Muhyiddin meyakinkan orang-orang bahwa pemilihan akan berlangsung setelah komite independen baru menyatakan bahwa pandemi telah berakhir dan aman untuk mengadakan pemungutan suara.
Di bawah aturan darurat, pemerintahnya dapat memberlakukan undang-undang tanpa persetujuan parlemen.
Pada hari Senin, 11 Januari 2021, Muhyiddin mengumumkan larangan perjalanan nasional dan penguncian 14 hari di ibu kota Kuala Lumpur dan lima negara bagian, mengatakan sistem perawatan kesehatan untuk negara berpenduduk 32 juta orang itu berada pada titik puncaknya.

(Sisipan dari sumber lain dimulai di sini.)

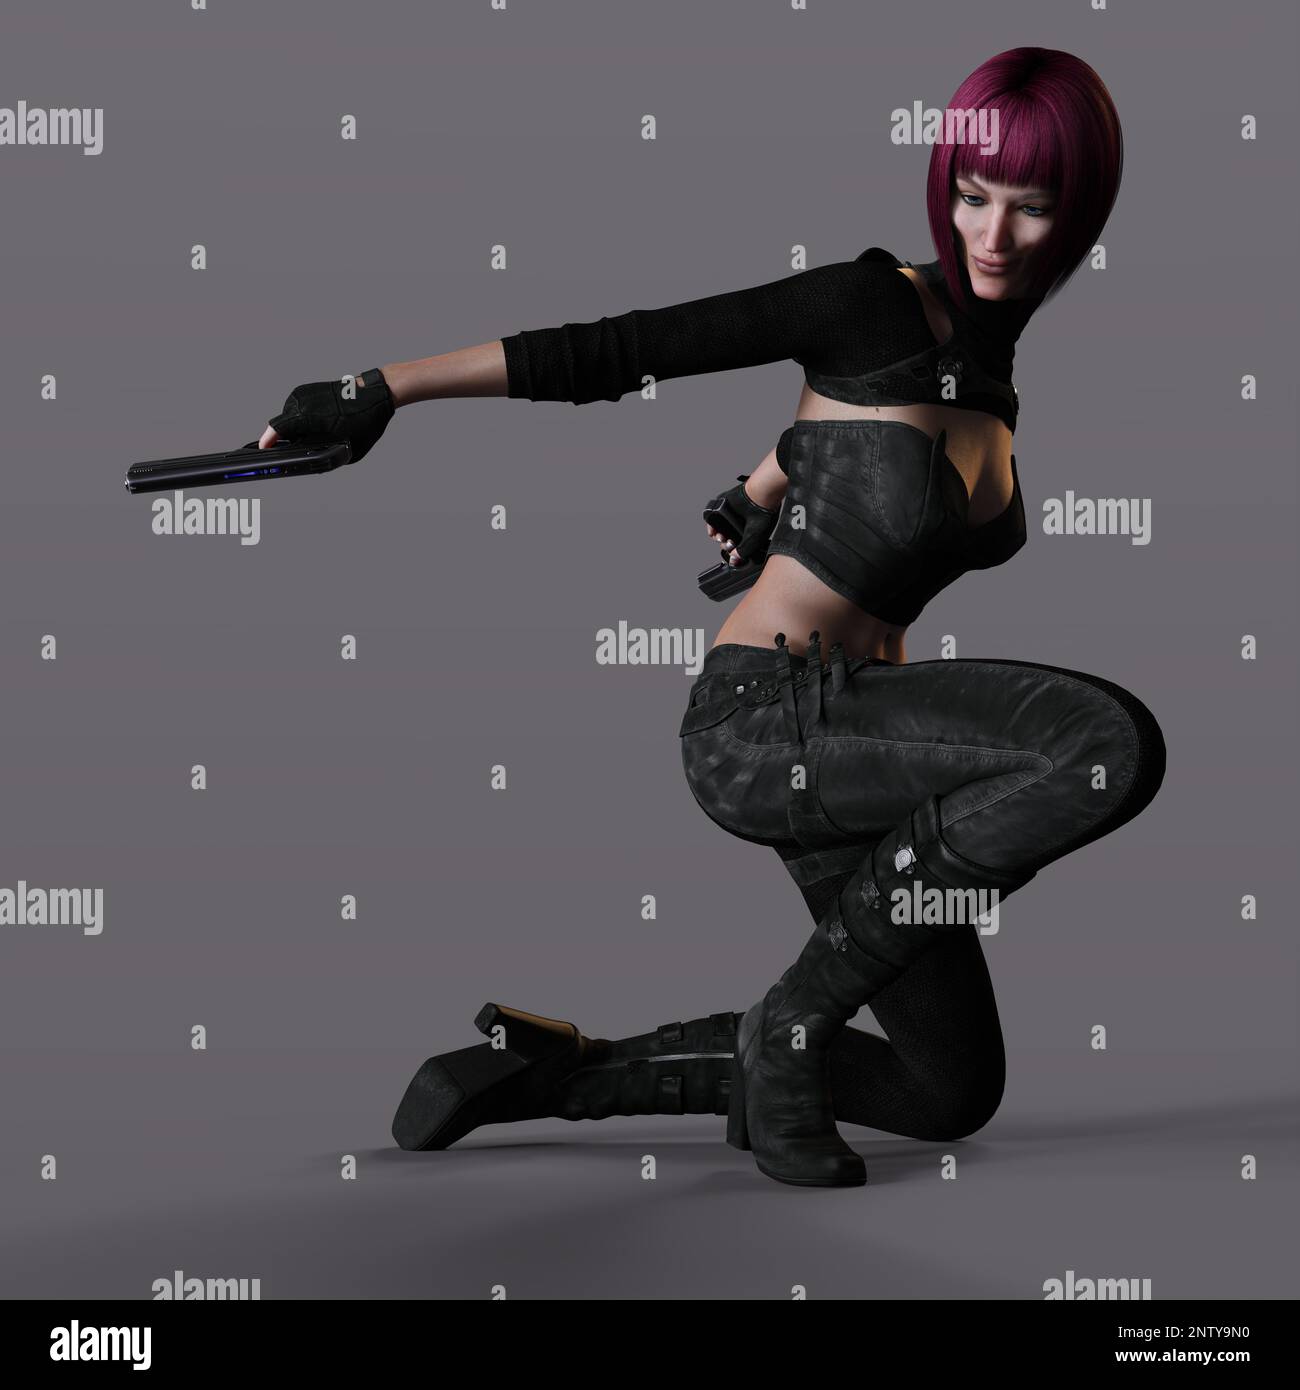 3D-illustration of an female rogutlike ninja fighter fighter in a nanosuit with guns Stock Photo

Jumlah infeksi harian baru mencapai rekor tertinggi minggu lalu, menembus angka 3.000 untuk pertama kalinya. Total kasus virus korona melewati 138.000 pada hari Senin, 11 Januari 2021, dengan 555 kematian.
Kondisi perekonomian
Indeks saham acuan Malaysia turun sebanyak 1,6% setelah pengumuman darurat.
Istana Malaysia mengatakan Muhyiddin meminta Raja Al-Sultan Abdullah untuk mengumumkan keadaan darurat sebagai tindakan proaktif untuk mengeliminir penyebaran Covid-19. Warga Malaysia diinstruksikan tidak boleh pergi ke luar negeri.
Keadaan darurat akan berlangsung hingga 1 Agustus 2021 atau lebih awal tergantung pada apakah infeksi Covid-19 dikendalikan.
“Al-Sultan Abdullah berpendapat bahwa penyebaran Covid-19 berada pada tahap kritis dan perlu mengumumkan proklamasi darurat,” kata Istana Raja Malaysia, dalam sebuah pernyataan.
Raja telah menolak permintaan serupa dari Muhyiddin pada bulan Oktober 2021. Para pemimpin oposisi kemudian mengkritik permintaan itu sebagai langkah untuk mempertahankan kekuasaan.
Malaysia adalah negara monarki konstitusional di mana raja memiliki peran seremonial, menjalankan tugasnya dengan nasihat dari perdana menteri dan kabinet. Tetapi, raja juga memiliki kekuasaan untuk memutuskan apakah keadaan darurat harus diumumkan, berdasarkan ancaman terhadap keamanan, ekonomi, atau ketertiban umum.